In 2011, the school was awarded a $200,000 from Borough President James Molinaro to retrofit their auditorium after their production of Les Misérables. The retrofit was complete in time for their Spring Musical of Sweeney Todd: The Demon Barber of Fleet Street in 2012. The theatre program has also been invited to the historic St. George Theater to perform Les Misérables and Sweeney Todd.

== Student activities ==
Wagner has a large pool of Activities for students overseen by the Coordinator of Student Activities (COSA) and the Student Government. The school's include but are not limited to the Gay-Straight Alliance, Debate Team, Key Club, Service to Society Club, Science Research Club, and more.

=== SING productions ===
Founded at Midwood High School (Brooklyn, New York) in 1947, "SING" is a student-run theater production that includes script/acting, dancing, art, a chorus, and a band. Students are judged on areas including originality, singing, art, acting, band, script, and dancing. There are three groups: Sophmen (freshmen and sophomores conjoined), Juniors, and Seniors. Susan E. Wagner's SING program began in 1974, and averages nearly 200 to 250 participants yearly. Each student will end up spending about 300 hours on the show, however the students often have a strong pride from it.

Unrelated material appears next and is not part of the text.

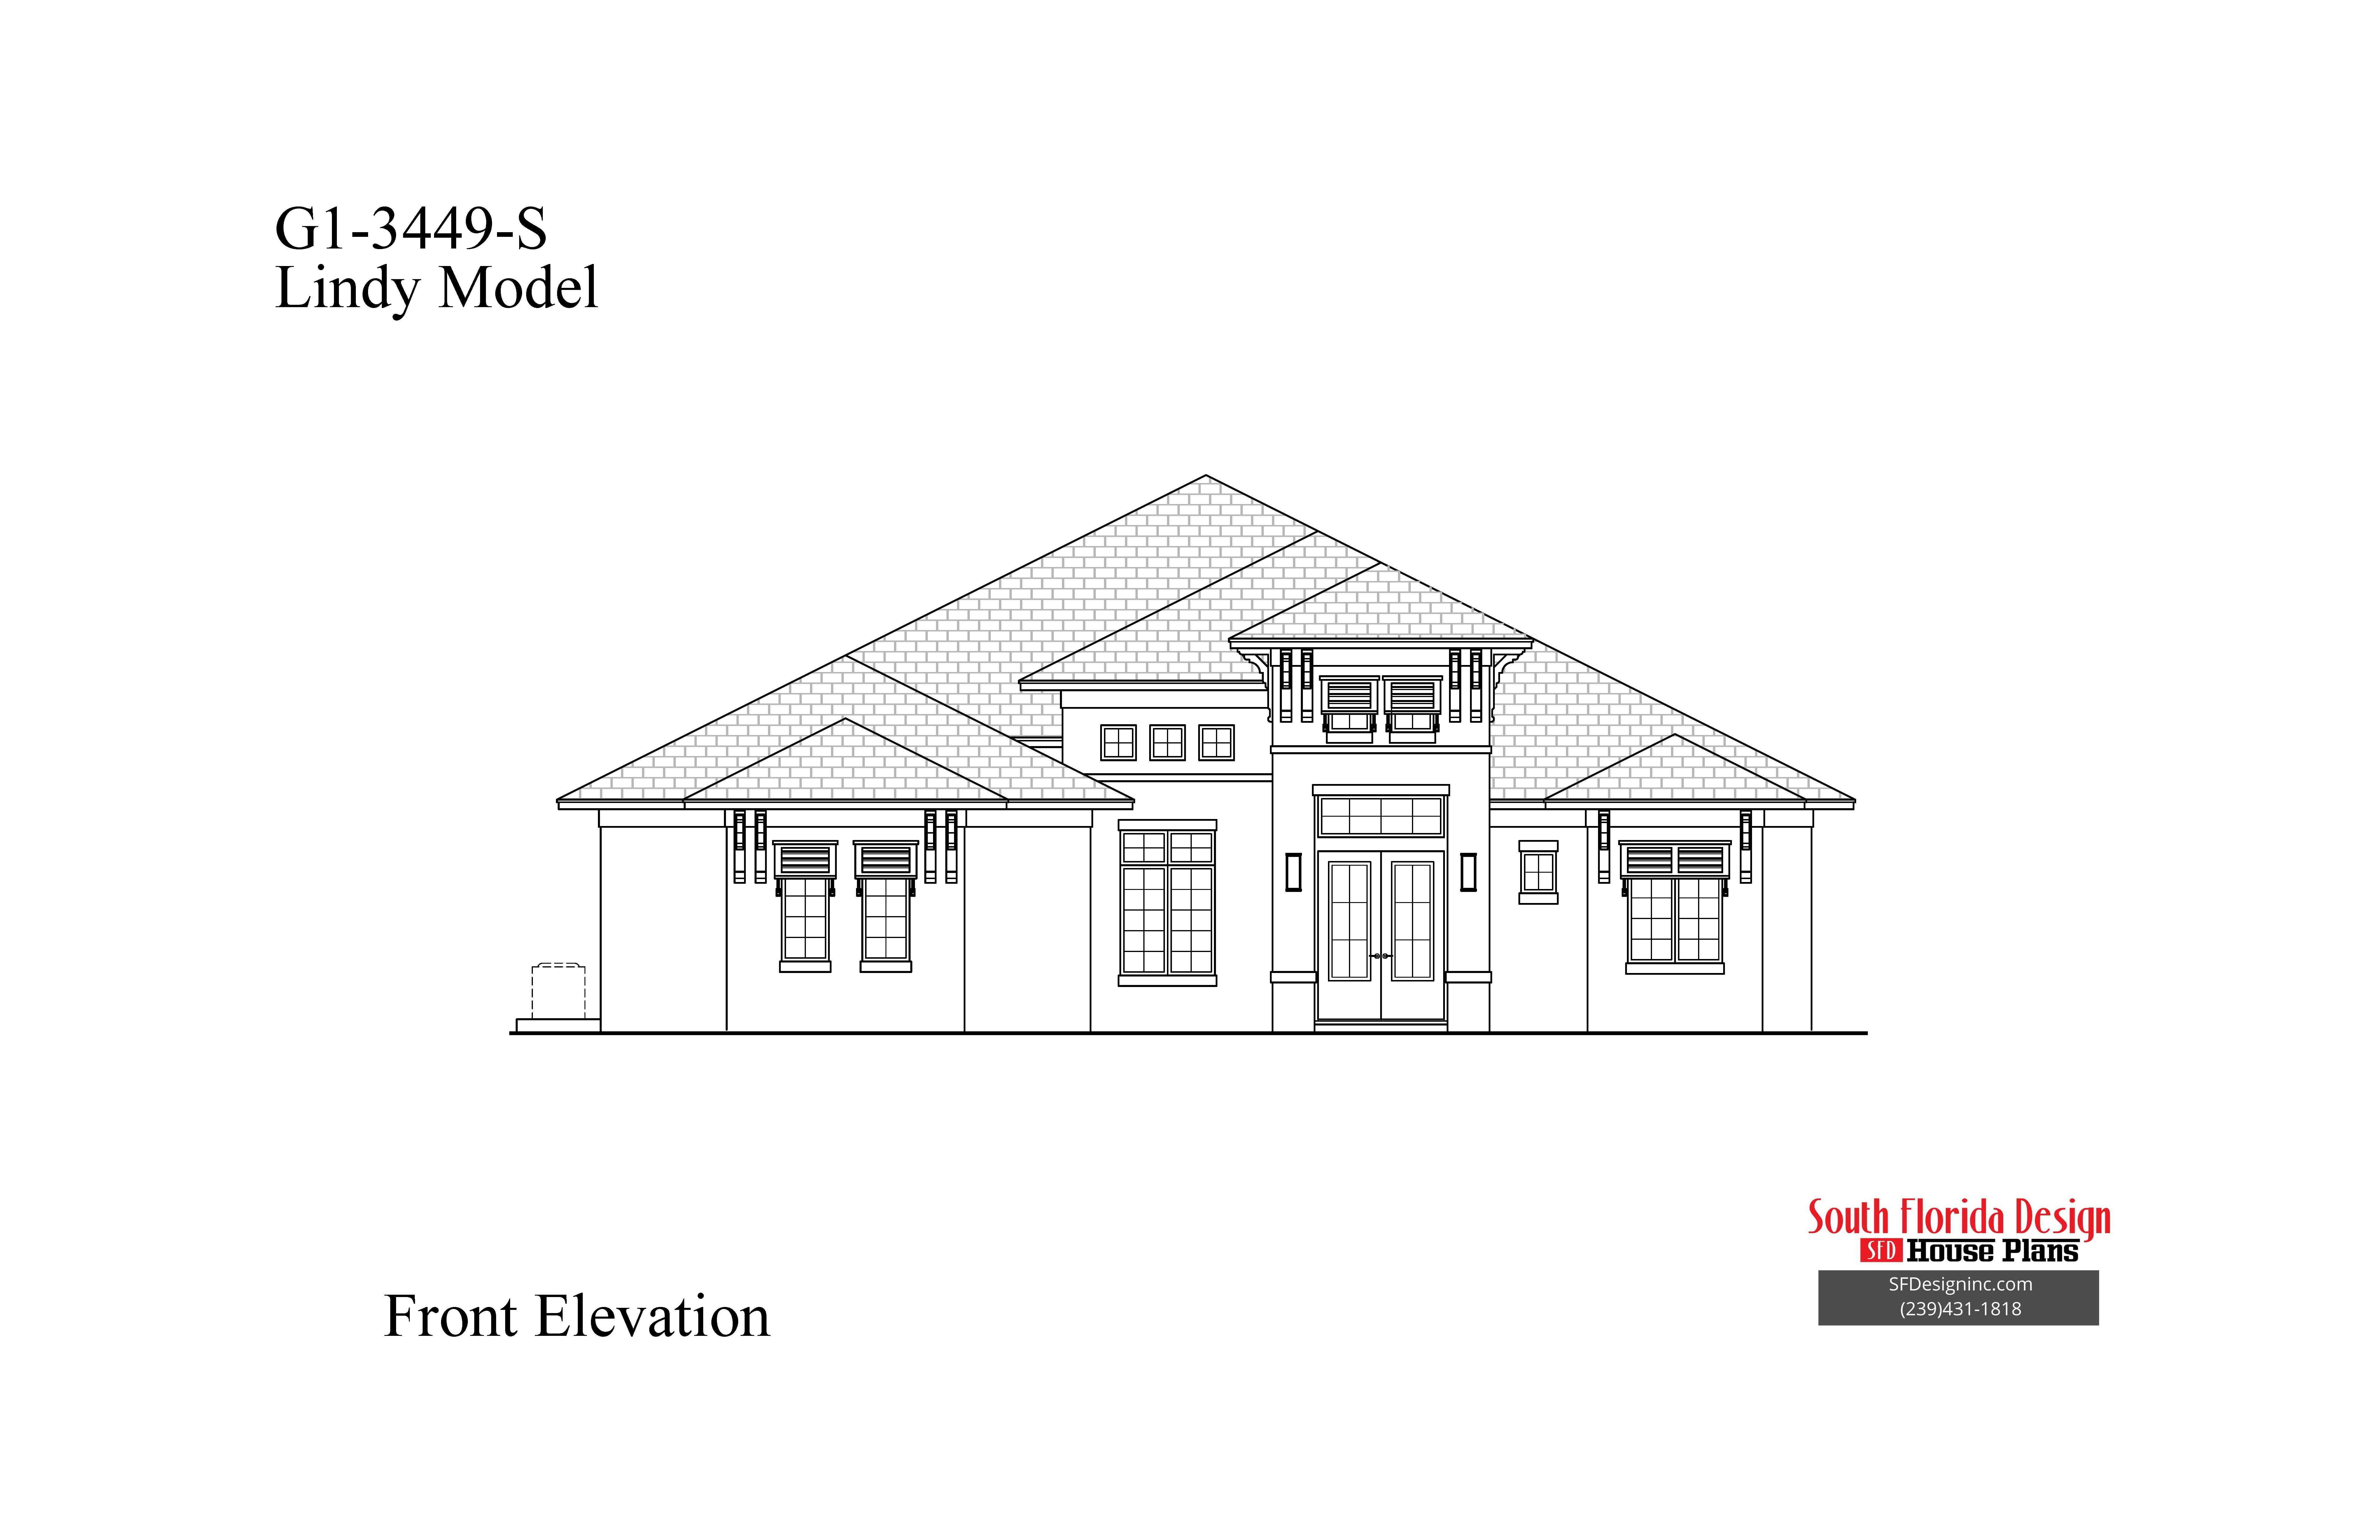 Black and white front elevation image of a 1-story 3449sf house plan

=== International Festival production ===
The International Festival is a student-run production that showcases an assortment of food and a three-hour show presenting the diversity of the school through a collection of dances, fashion, songs, plays, and exhibitions from all around the world. This production includes over 20 cultural-based club with the goal of performing.

=== Athletics ===
Having over 30 Junior Varsity and Varsity teams, Wagner has a very large Athletics Department. The school's Boys Bowling Team has been very successful. In 2021, it won the PSAL Bowling Championship for the third year in a row. Wagner has teams in Badminton, Basketball, Bowling, Cross Country, Flag Football, Golf, Gymnastics, Handball, Indoor Track, Lacrosse, Outdoor Track, Soccer, Softball, Stunt, Swimming, Table Tennis, Tennis, Volleyball, and more.

== Notable alumni ==
- Marcia Clark – Prosecutor in the O.J. Simpson murder trial
- Drita D'Avanzo – Star of VH1's Mob Wives
- Vinny Guadagnino – Star of MTV’s Jersey Shore, Hammerhead on The Masked Dancer
- Angelina Pivarnick – Star of MTV's Jersey Shore
- Frank Menechino – Former MLB player and current Minor League Hitting Coach
- Alex Zablocki – Politician who ran for New York City Public Advocate in 2009
- Lou Anarumo – Football Coach and 2022 Super Bowl Defensive Coordinator for the Bengals
- Jeff Wittek – YouTuber and Internet personality.
- Louis Rossmann – YouTuber, Internet personality, and right to repair activist.